Не зная, что предпринять, мы закурили. Раздался окрик:

– Я не давал вам разрешения курить! В армии принято спрашивать разрешение у старшего по чину офицера.

Подобного тона я не слышал уже много лег, с самой Караганды. Ничего не поделаешь, в данном случае он был формально прав. Рассерженные, мы потушили свои папиросы и вернулись к нашему делу.

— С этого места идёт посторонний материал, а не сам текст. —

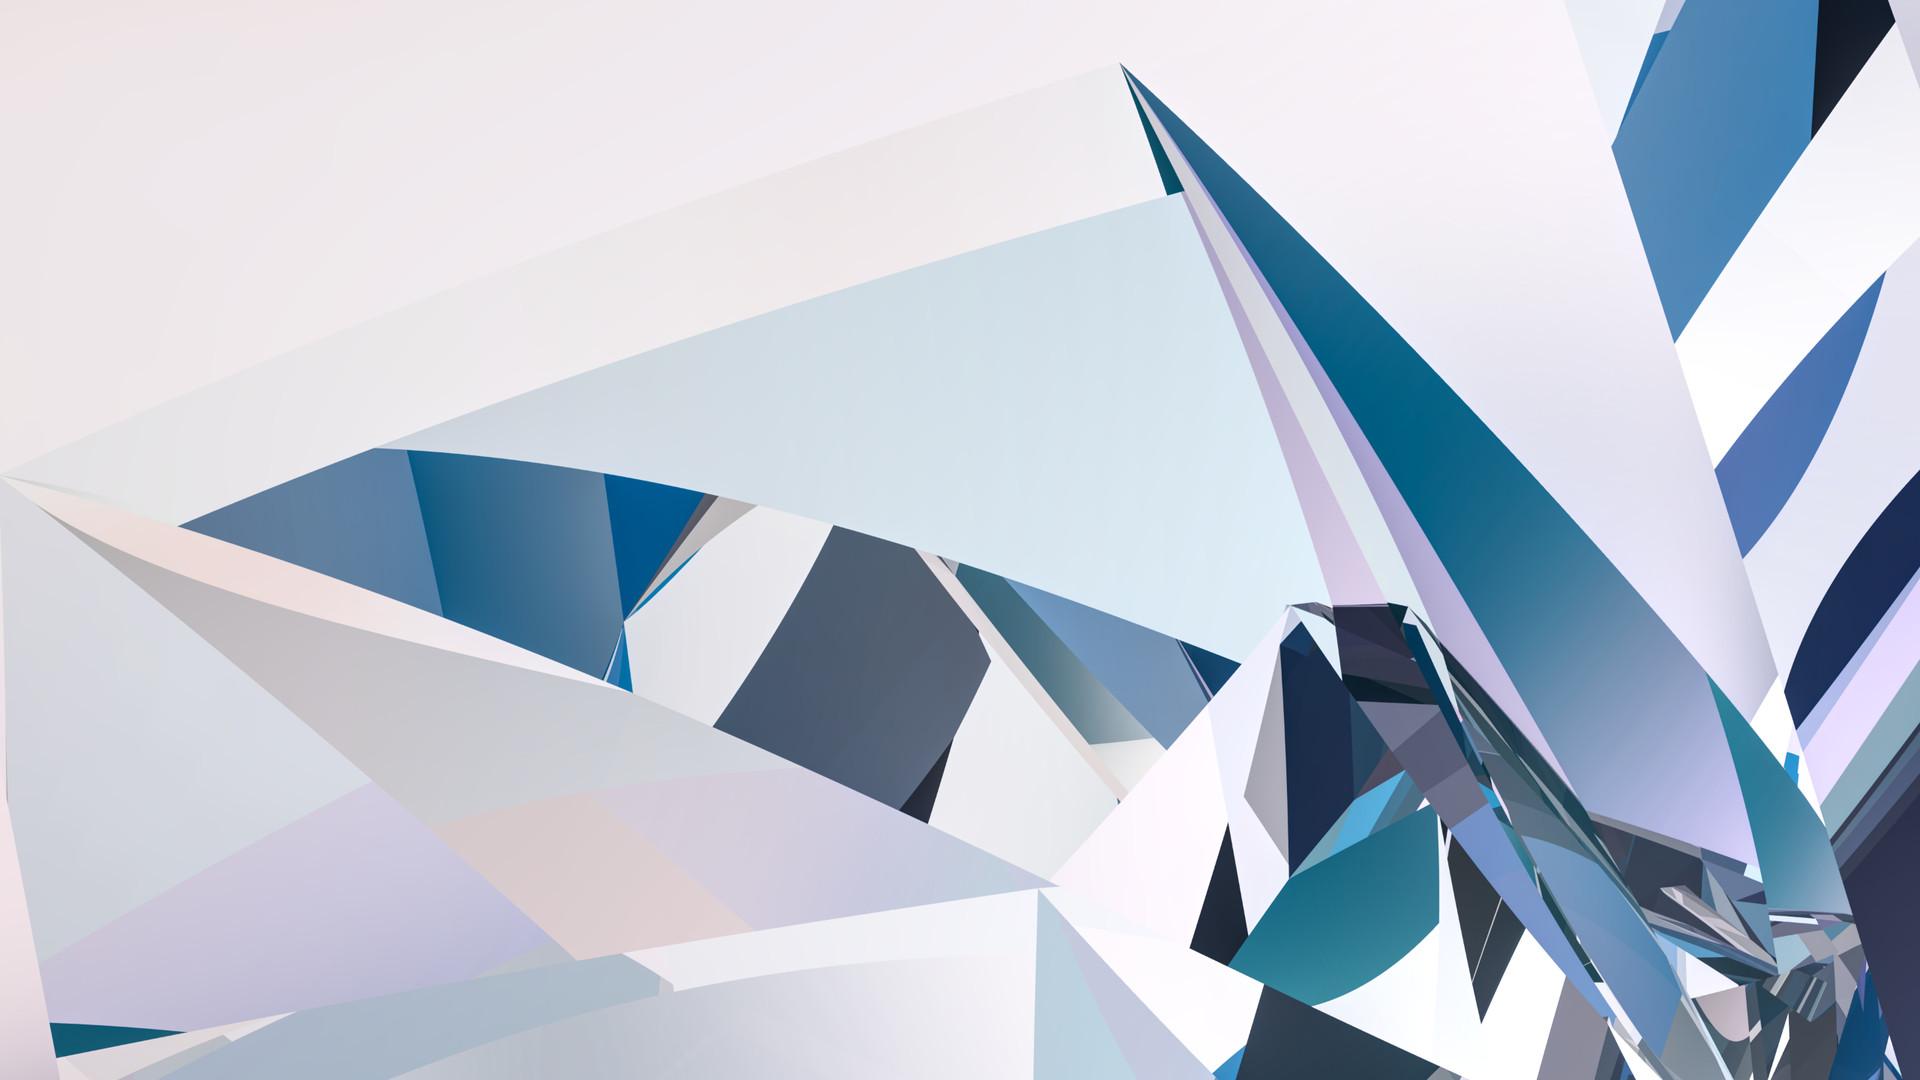 Fragmentic 02

– Видите ли, товарищ комендант, мы установили, что в состав управления Крейцберга входят одни русские, в то время, как нашей задачей является организация районных управлений из немецких антифашистов и демократов.

Наши доводы не произвели на коменданта ни малейшего впечатления.

– Я блестяще сработался с моим управлением: они понимают меня, я – их. Они, по крайней мере, не говорят со мной на этом собачьем языке, которого сам чёрт не разберет. Что же касается их прошлого, то это уж мое дело, они находятся под моим неустанным надзором.

Мы не сдавались и снова повторили свои возражения, но и это не помогло.

– Ваша задача – содействовать формированию управлений, сказал он еще более резким тоном, – в Крейцберге имеется управление, которое прекрасно справляется со своими обязанностями. Я его назначил, и я намерен и дальше с ним сотрудничать. Надеюсь, вопрос ясен: ваша помощь нам не нужна.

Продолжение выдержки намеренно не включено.